There’s been a lot of questions and uncertainty around how revenue is recognized under the new ASC 606 standard that was first released in May 2014 but finally being required to implement effectively beginning after Dec 15, 2017 for public entities and certain non-profits and for private entities with a 2019 fiscal year. This change will have a substantial impact on all accounting and ERP systems but for the purpose of this blog we’ll focus on existing and future NetSuite customers.
First, what is Revenue Recognition?
In essence, the revenue recognition principle is the foundation of accrual accounting and the matching principle. Revenue should be posted as it is earned, not when services are invoiced or paid for.
A simple illustration:
- An agreement to provide landscaping services for building complex for 6 month period in return for a one-time upfront payment of $600.
- $600 is recorded as a liability on balance sheet.
- $100 is recognized per month over the service period (6 months)
The ASC 606 rule is designed to replace a slew of industry-specific guidelines with a single standard. The core principle of this rule is that an entity recognizes revenue to depict the transfer of promised goods or services to customers in an amount that reflects the consideration to which the entity expects to be entitled in exchange for those goods or services.
Historically rev rec primarily impacted software and service industries. Moving forward all industries will really need to evaluate the impact of this new accounting standard will have on their business.
So now you may be asking "how will this change impact current and future NetSuite customers?"
For Future NetSuite Customers
For new NetSuite customers that license the Revenue Recognition module you will automatically receive the new Revenue Recognition engine known as “Advanced Revenue Management” also referred to as ARM. Advanced Revenue Management automates revenue forecasting, recognition, reclassification and auditing through a rule-based event handling framework and is compliant with the ASC 606 revenue standard.
With advanced revenue management you can defer revenue for recognition across future periods according to the rules you configure.
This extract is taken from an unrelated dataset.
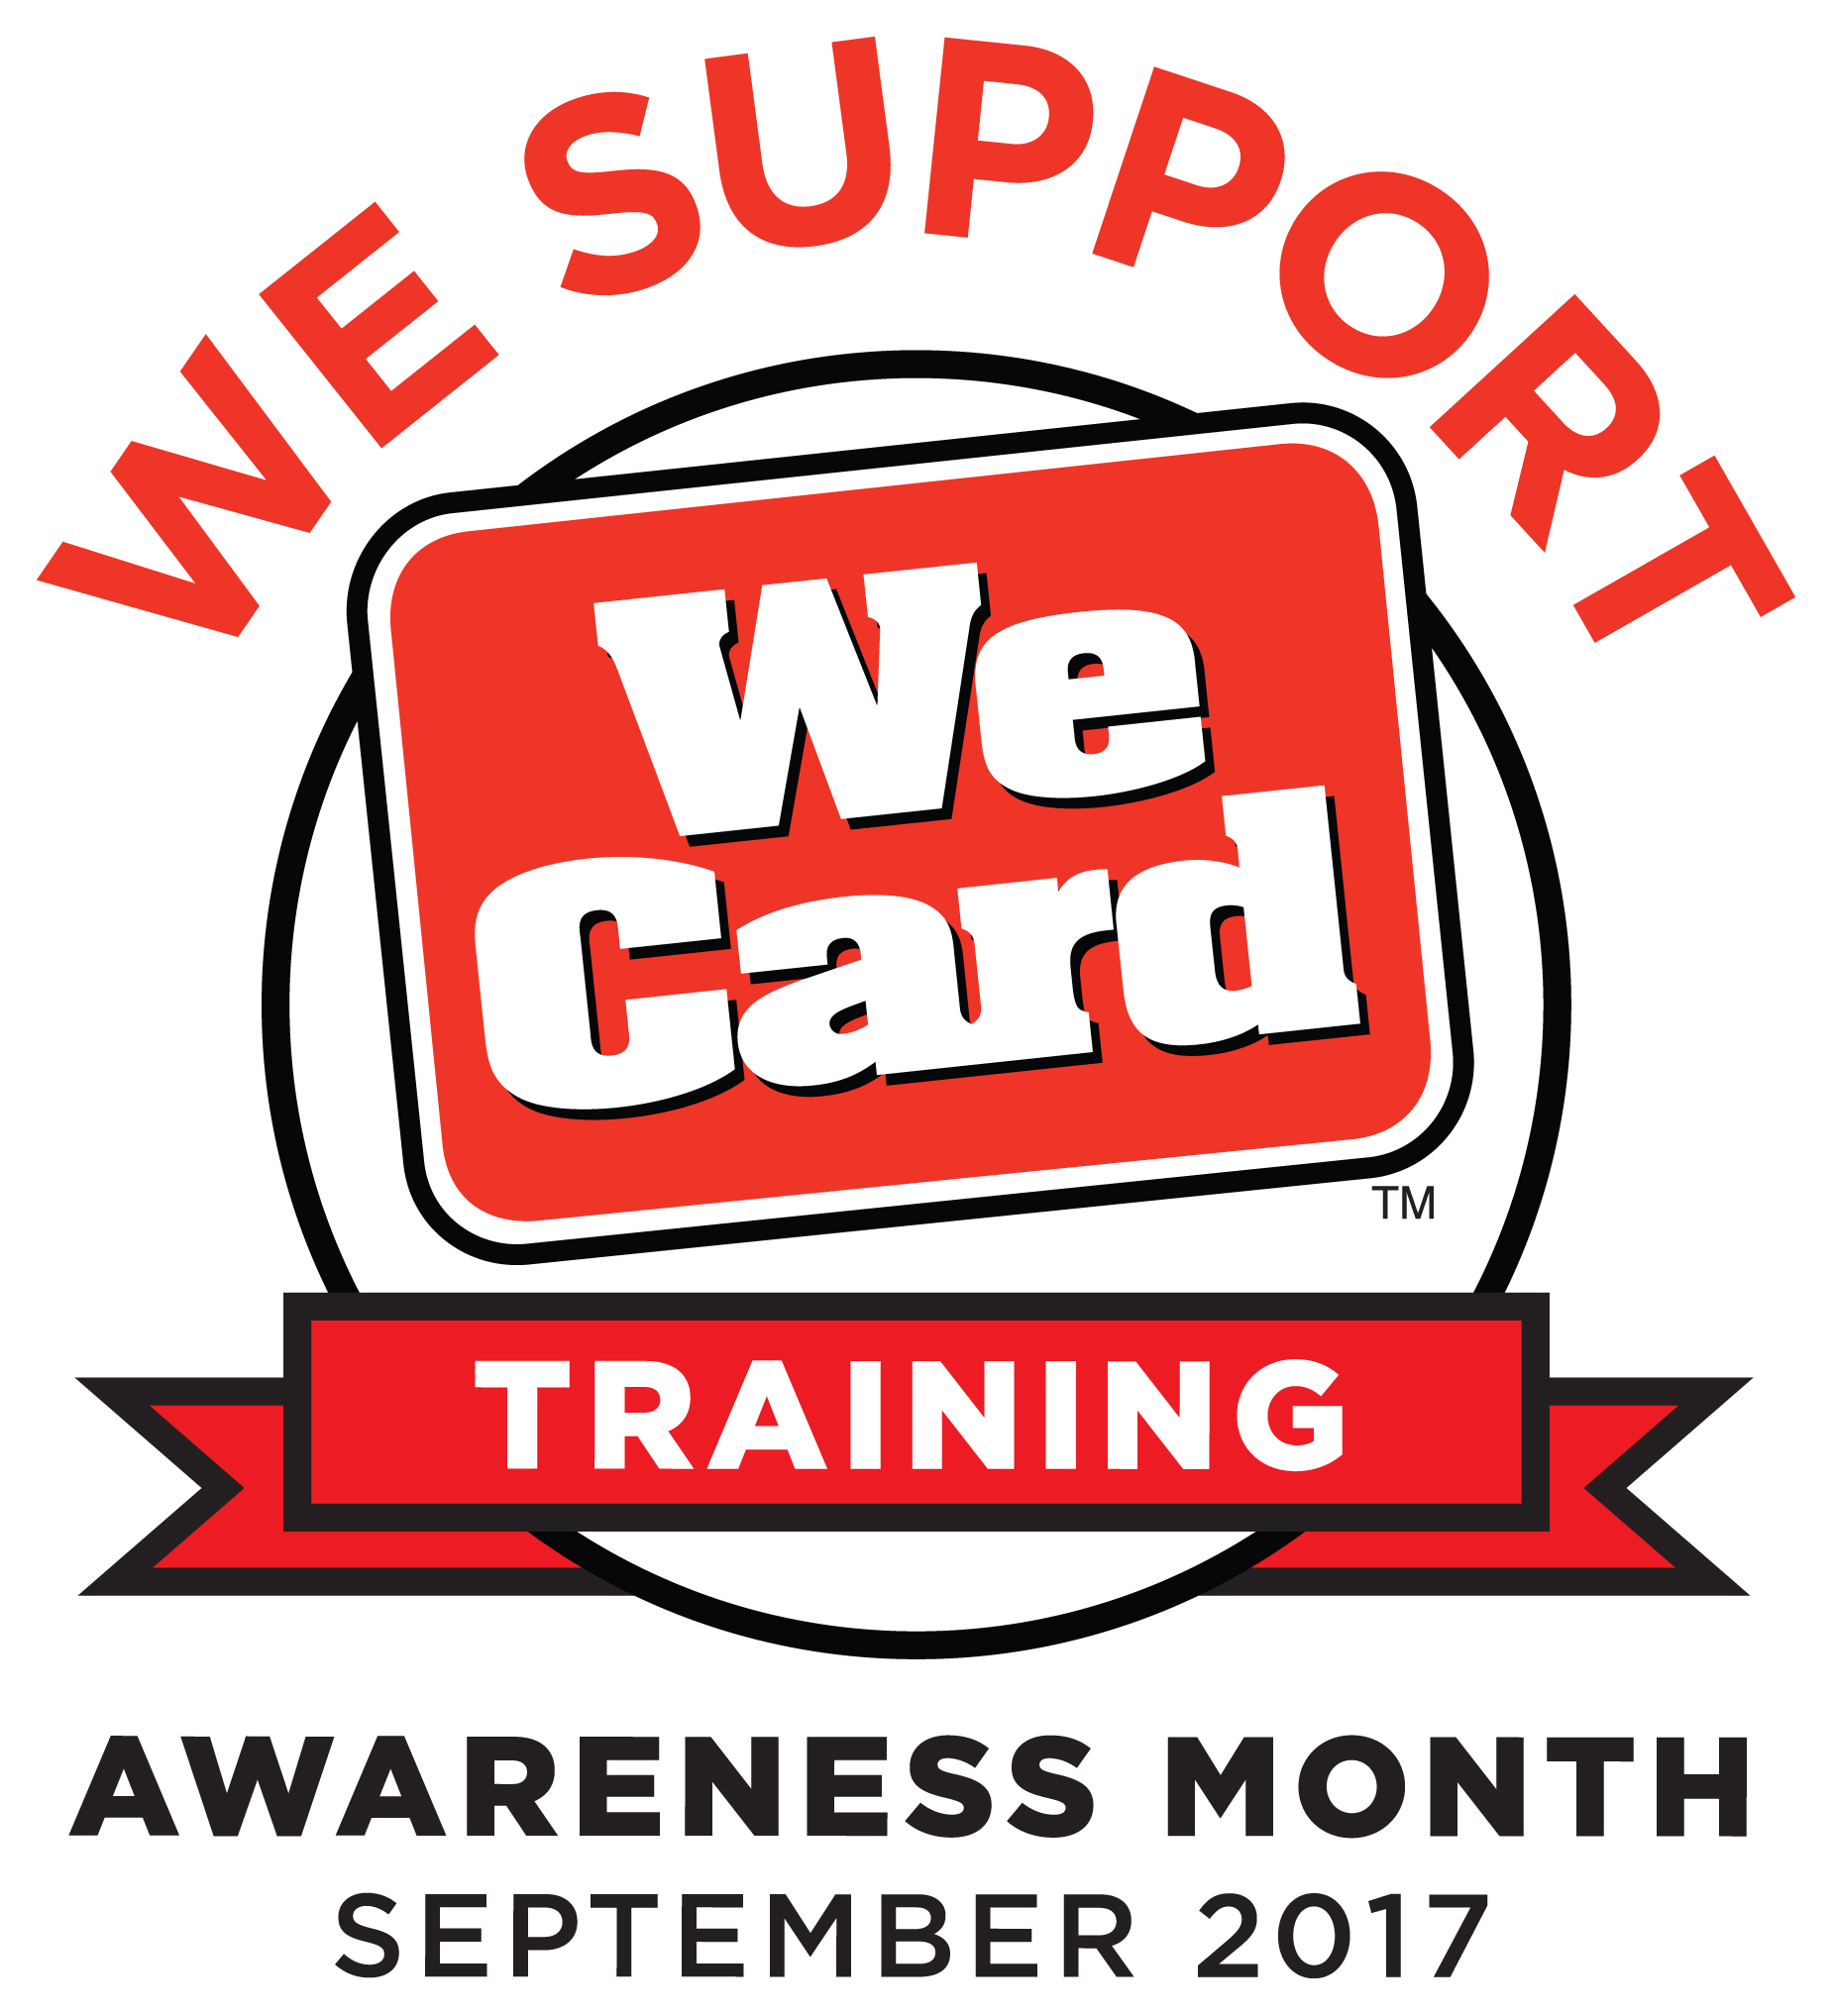 We Card Awareness Month image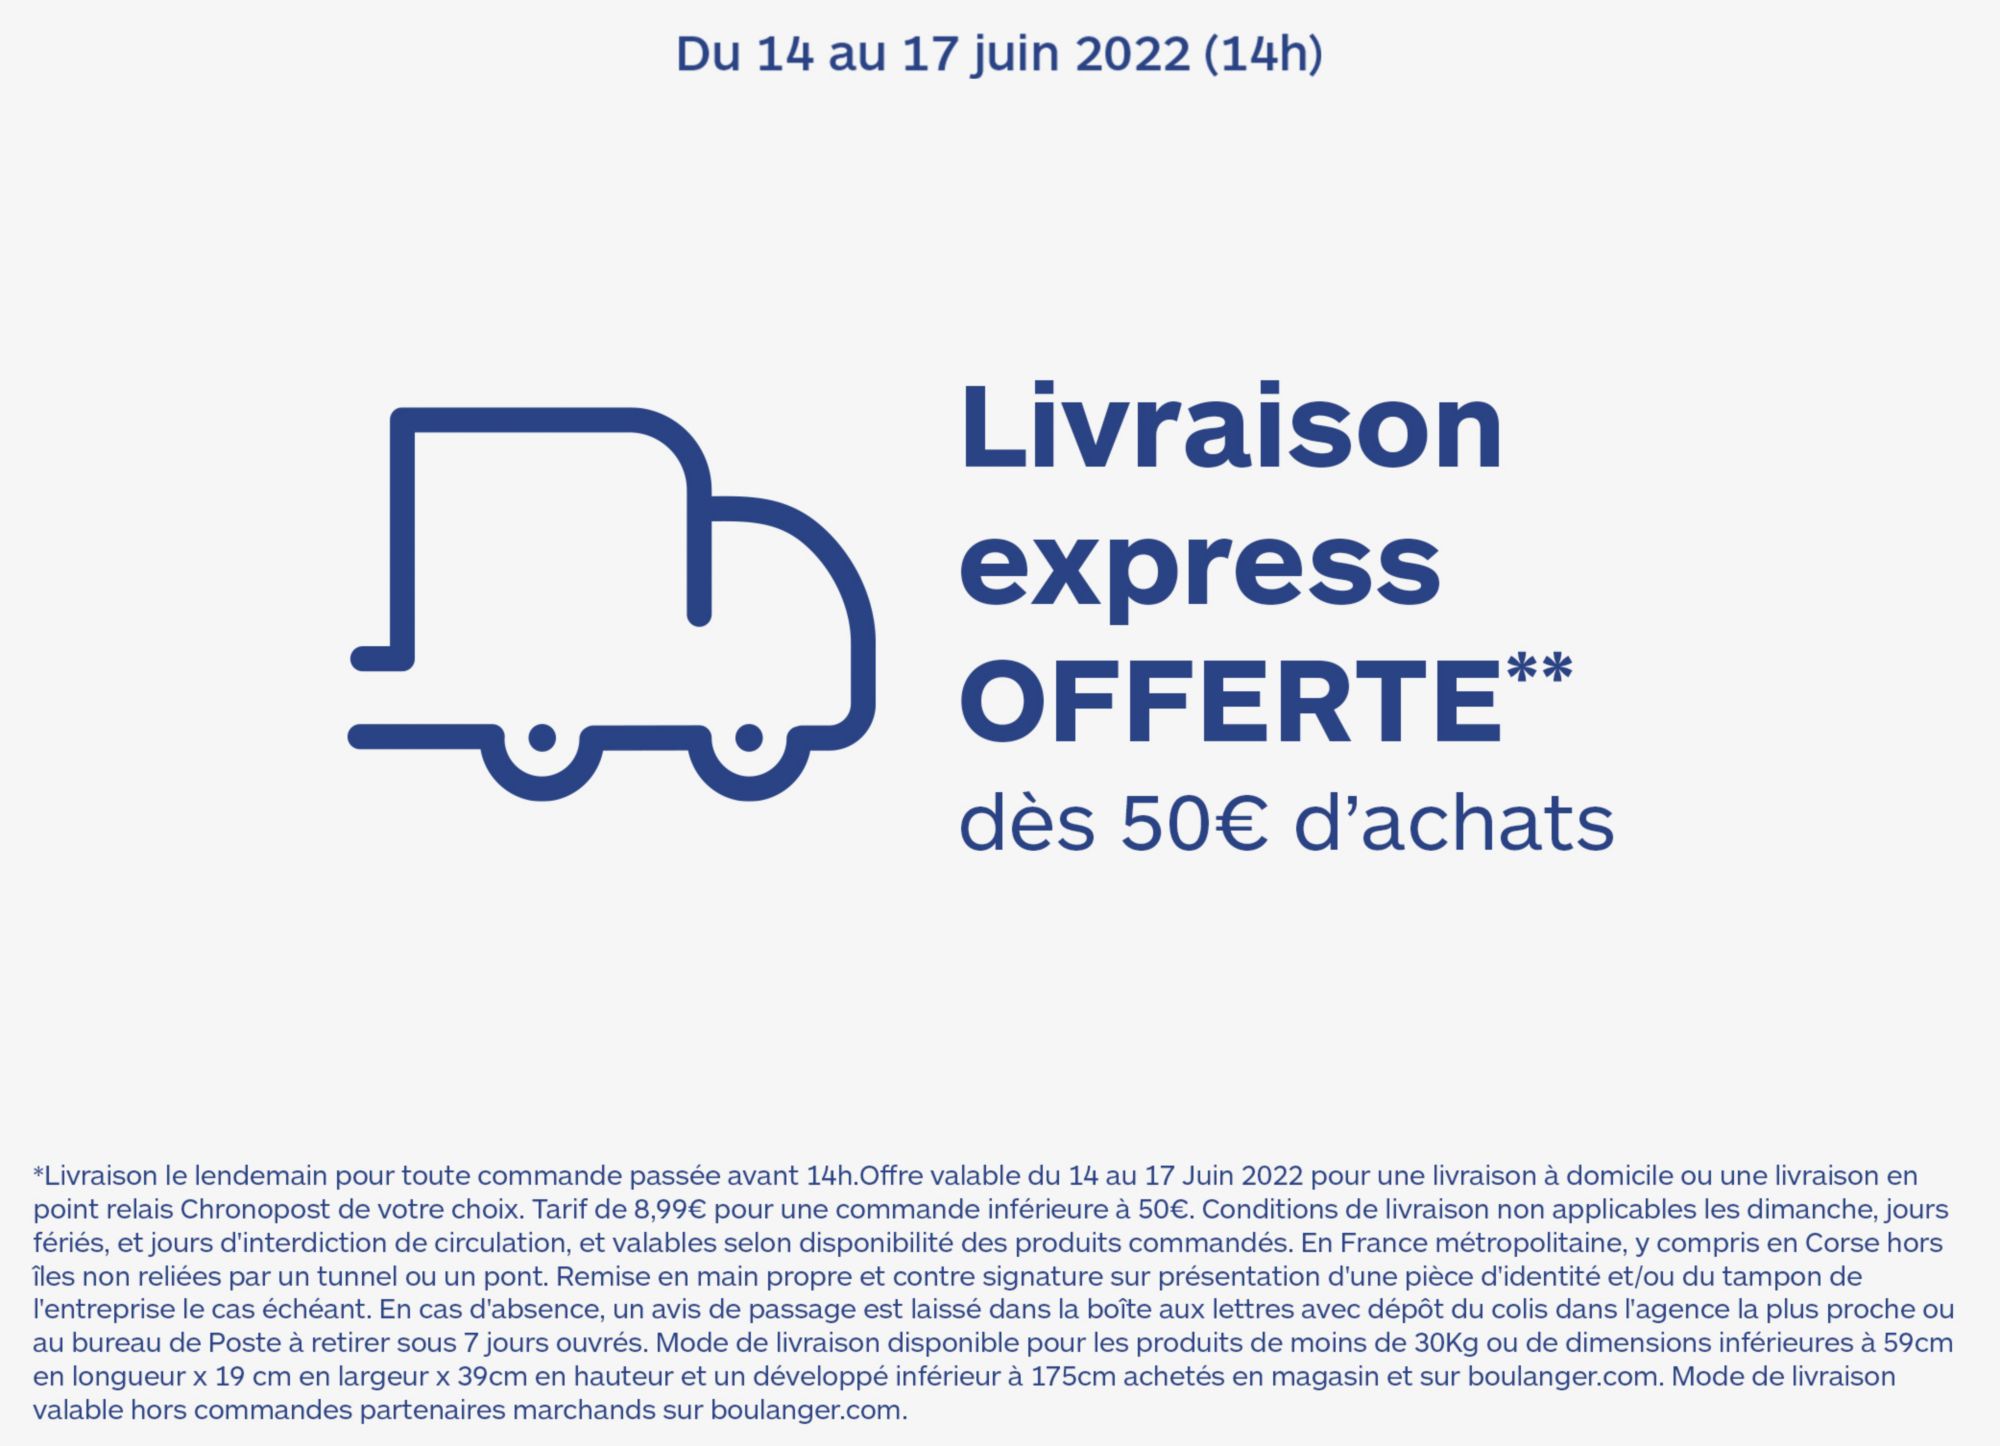 Livraison express offerte dès 50€ d'achats

It supports fair values based on vendor-specific objective evidence (VSOE), best estimate of selling price (ESP), third party evidence (TPE), and other fair value methods your company uses. These fair values are used to determine the revenue allocation ratios for multi-element transactions.
Here are the Key Features of ARM
- Real Time Visibility and Drill-ability
- Set it Up, Follow Regular Sales Processes, Manage Revenue Recognition by Exception
- Compliant with Relevant Standards: ASC 606/ASU 14-09, SOP 97-2, 98-9, EITF 08-01, 09-03
- Flexible and Dynamic Fair Value Pricing Engine
- Ratable and Event Based Revenue Recognition Rules
- Full support for Complex Multi-Element Arrangements spanning multiple sales transactions:
- Relative Fair Value Allocations
- Residual Method Allocations
- Dual Allocation
- Support for “Linked Orders” and Contract Modifications
- Revenue Plans can easily be amended, put “On Hold”, and “Caught Up” to a particular period
- Comprehensive Audit Trails on all key Objects
- Real Time Revenue Reporting and Disclosures
- Per Book Fair Value Pricing, Allocation, Revenue Planning, Recognition, Reclassification, and Reporting
- Contract Acquisition Cost Amortization
For Existing NetSuite Customers
For existing NetSuite customers that license Revenue Recognition Module, you can continue to use the former rev rec engine since it will not be discontinued for the foreseeable future, assuming the new ASC 606 standards does not require you to migrate to the new rev rec engine. If you are not sure, I’d suggest working with your accounting firm and a high quality NetSuite Partner in making the determination of what rev rec engine you will require to satisfy the ASC 606 standard.
If it is determine you will require the new rev rec engine (ARM) there is a qualification/discovery process you will need to go through to determine if you will require a professional service engagement to potential reimplement the new rev rec engine and the potential cost associated with this migration both in terms of licensing and services. Unfortunately your existing settings and ongoing recognitions will not port over to the new module and will most likely require a fairly complex migration process.
If it is determined you will require the new rec rev module (ARM) there are many enhancements that will make life easier for accountants using NetSuite. Here are just a few.
First, amending a revenue plan (“On Hold” and “Caught Up”) couldn’t be easier. With ARM for example, any changes made during the recognition period or if the value of the project changes, the system fully supports posting revenue adjustments back in time retroactively.
Second, many of ARM records are exposed and available to SuiteScript to allow for custom business rules on top of standard NetSuite workflows.
Lastly, you can combine revenue arrangements, for example, you issue an initial contract, then perhaps issue a change and then a cancellation, you can wrap all those individual revenue elements into a single arrangement, therefore no longer layering multiple Sales Orders/Revenue Commitments and Return Authorizations and trying to make sense of it all.